Святящаяся мгла? Для Огня, быть может, такая метафора приемлема; другим она может показаться в лучшем случае непонятной, странной. Даже в глазах Белого и Блока их многочисленные образы и сравнения остались в лучшем случае непонятными, а в худшем становились даже оскорбительными. Так случилось, когда один из поэтических огненных образов Блока:
Я сам иду на твой костер!
Сжигай меня
позволили Белому подшутить над другом в повести Кубок метелей:
"Вышел великий Блок и предложил сложить из ледяных сосулек снежный костер. Скок да скок на костер великий Блок: удивился, что не сгорает. Вернулся домой и скромно рассказывал: 'Я сгорал на снежном костре'. На другой день всех объездил Волошин, воспевая 'чудо св. Блока'".
Увы, хотя Белый еще ранее в письме Блоку в ноябре 1903 признавался: "Область слова есть для меня предмет ненужный", Блок не воспринял строки Белого как дружескую насмешку или легкую иронию. Его реакция, как и часто бывает у представителей Огня, была гневной: "Я прочел 'Кубок Метелей' и нашел эту книгу не только чуждой, но глубоко враждебной мне по духу". Помимо "кощунственности", эта повесть Белого оттолкнула Блока смысловой невнятностью: "...отрицаю эту симфонию, за исключением немногих мест, уже по одному тому, что половины не понимаю (но и никто не понимает)".
На такой отпор Белый ответил бурным всплеском чувств: "Ввиду 'сложности' наших отношений я ликвидирую (курсив Белого) эту сложность, прерывая с Тобой отношения (кроме случайных встреч, шапошного знакомства и пр.)".

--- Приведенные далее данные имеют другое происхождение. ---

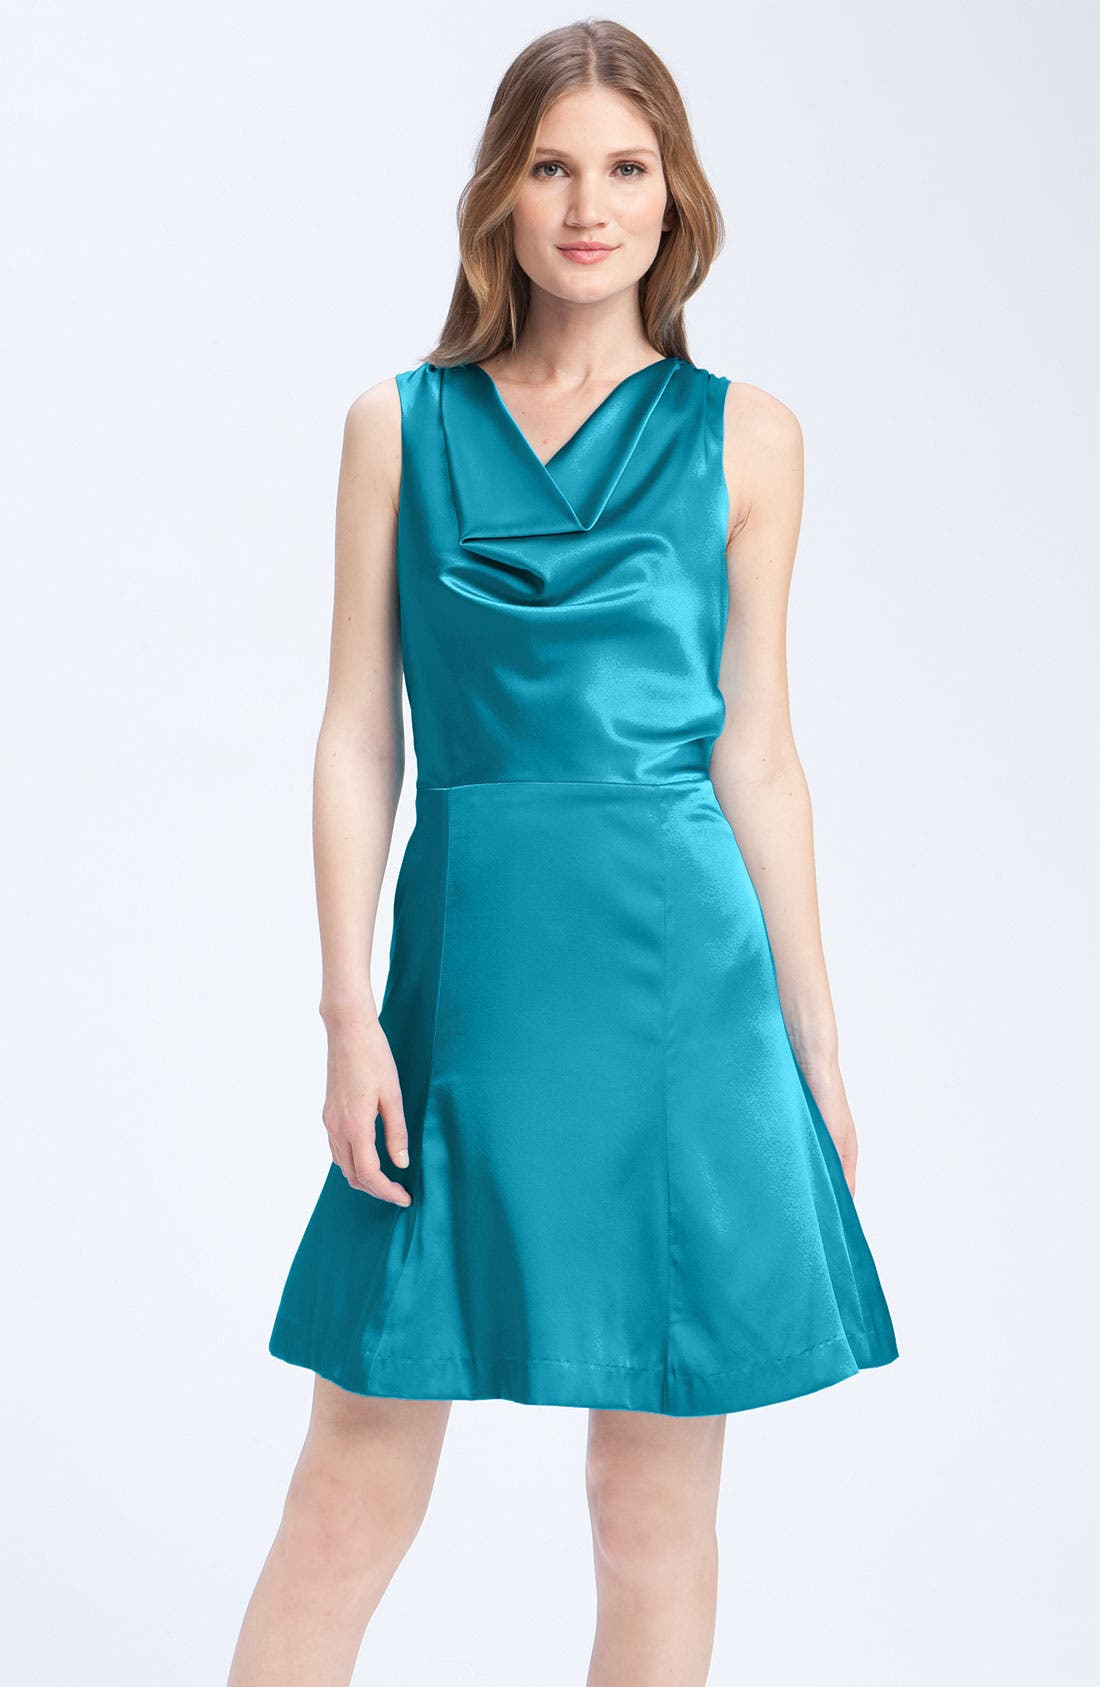 Alternate Image 1 Selected - Anna Elyse Bridesmaids Drape Neck Charmeuse Dress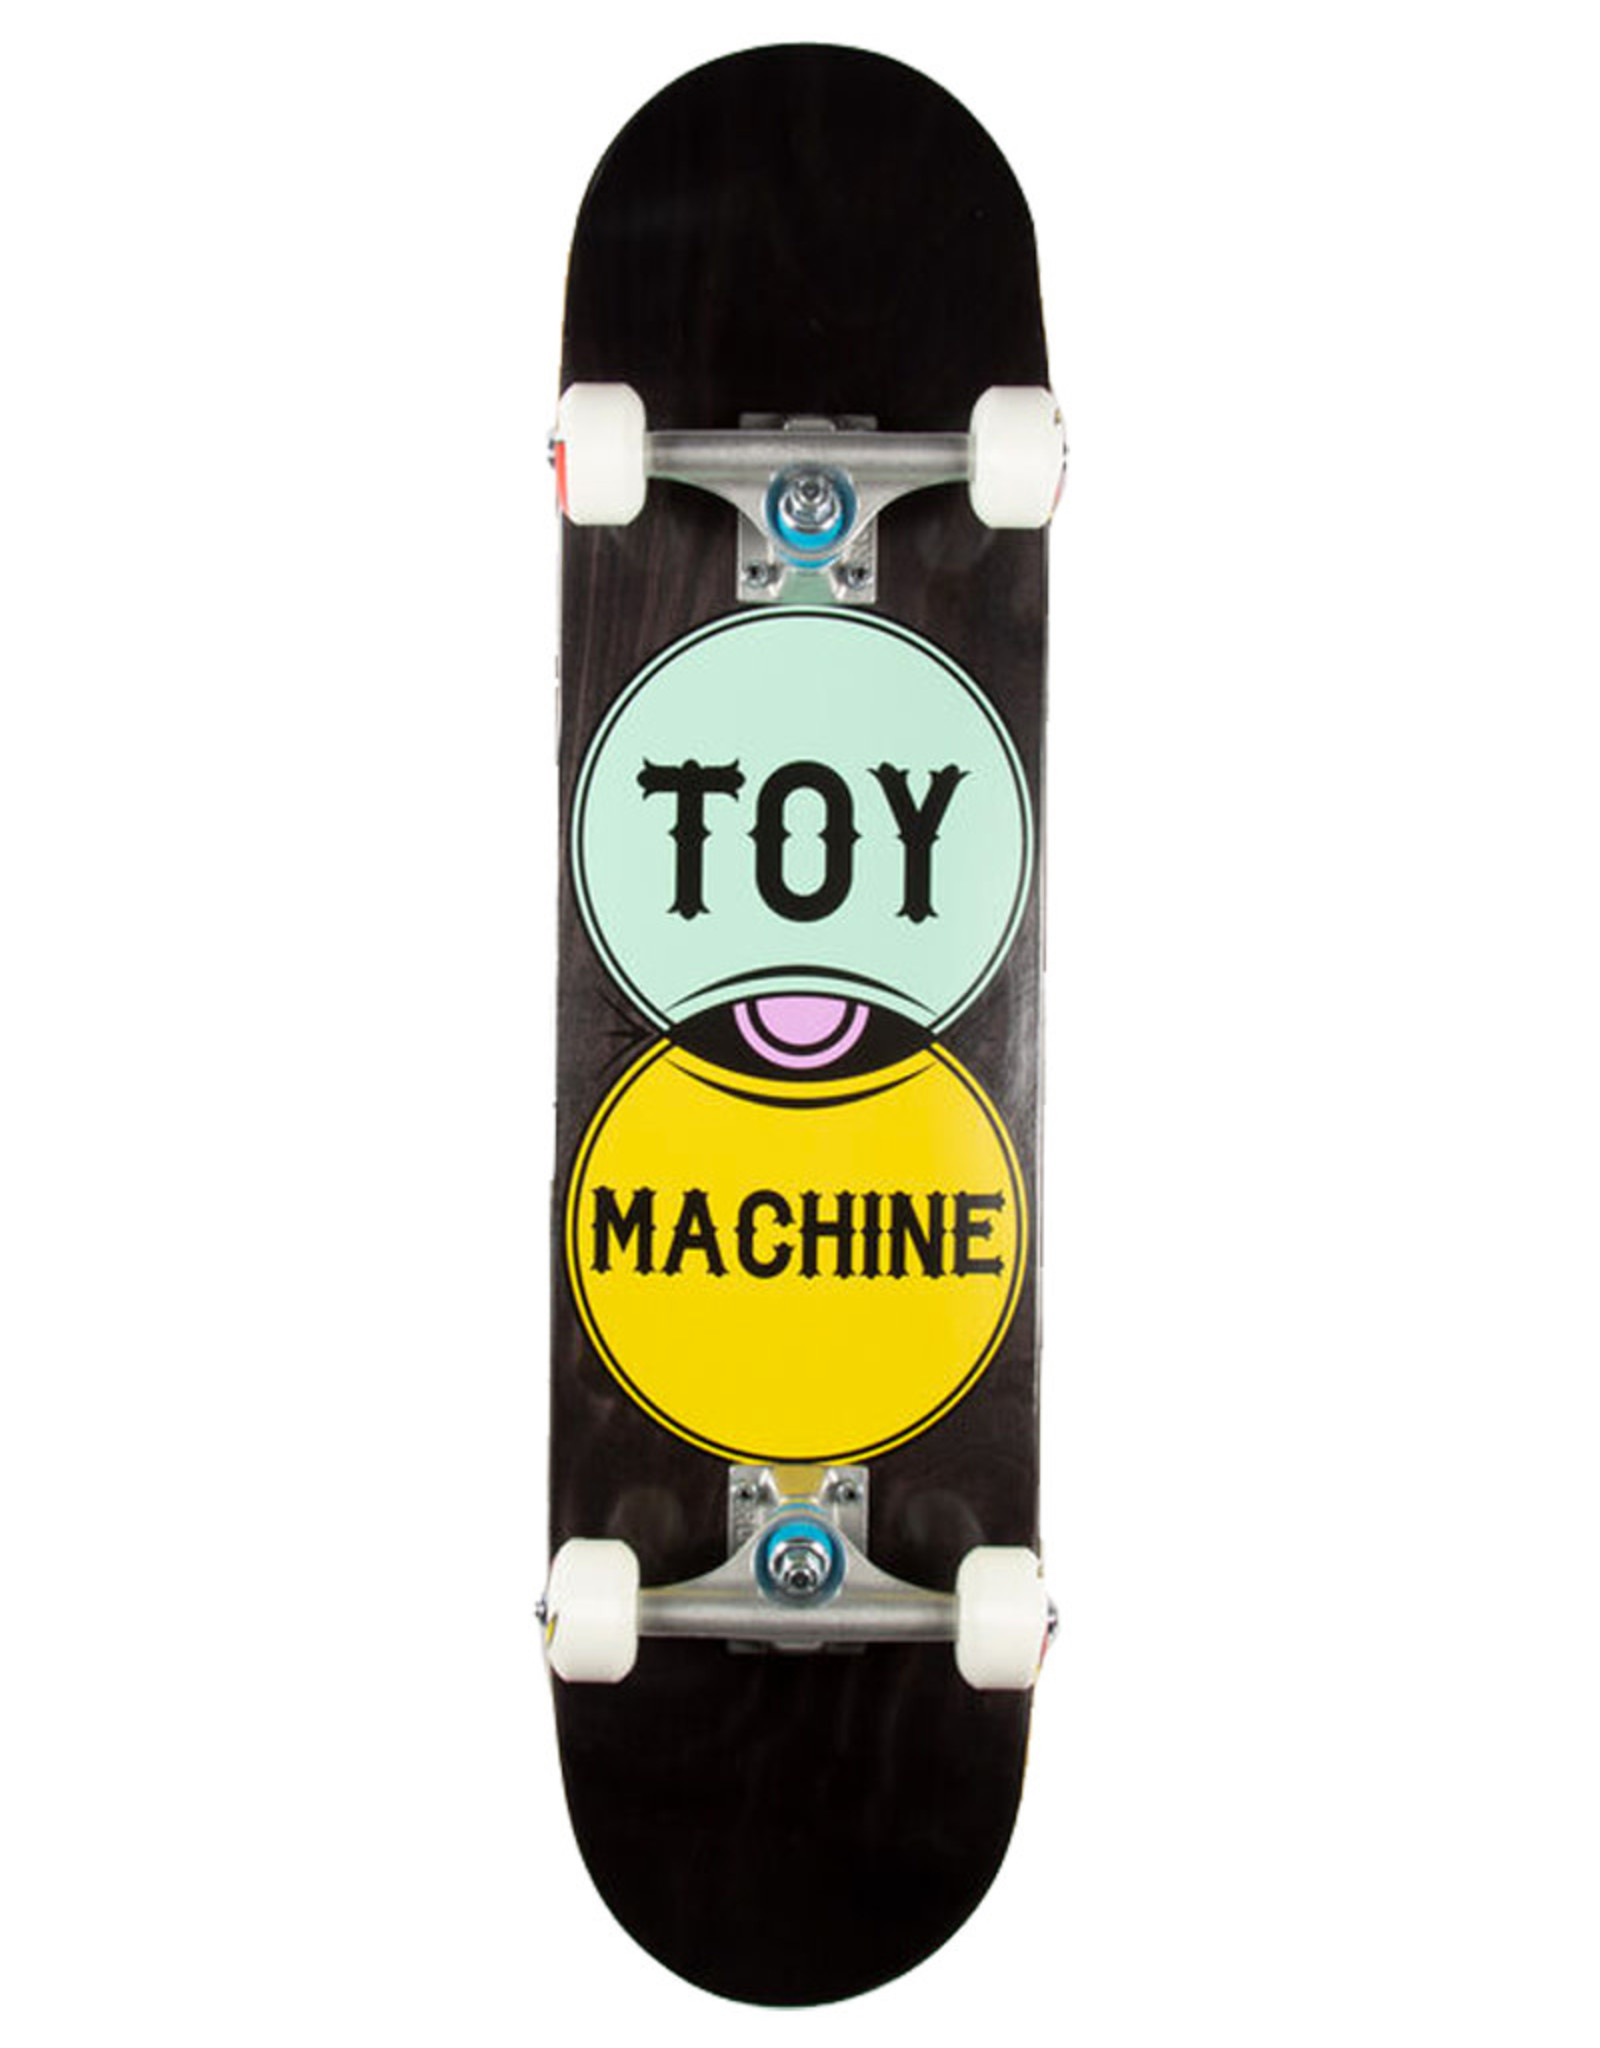 Toy Machine Toy Machine Complete Vendiagram (7.75)

(Символично, что слово "ликвидация" происходит от латинского liquidus, означающего разжижение, текучесть...)..
Подобные недопонятости порождали серию размолвок. Периодически друзья обижались друг на друга, но затем они все чаще осознавали различие в объективной природе своего мышления. Белый не раз писал Блоку:
"Просто я понял, что мы говорим на разных языках";
"... мы с вами с разных планет: но мне думается, что более способен понять мимику португальца, объясняющегося по-русски, чем Вас, которого так долго считал 'близким'".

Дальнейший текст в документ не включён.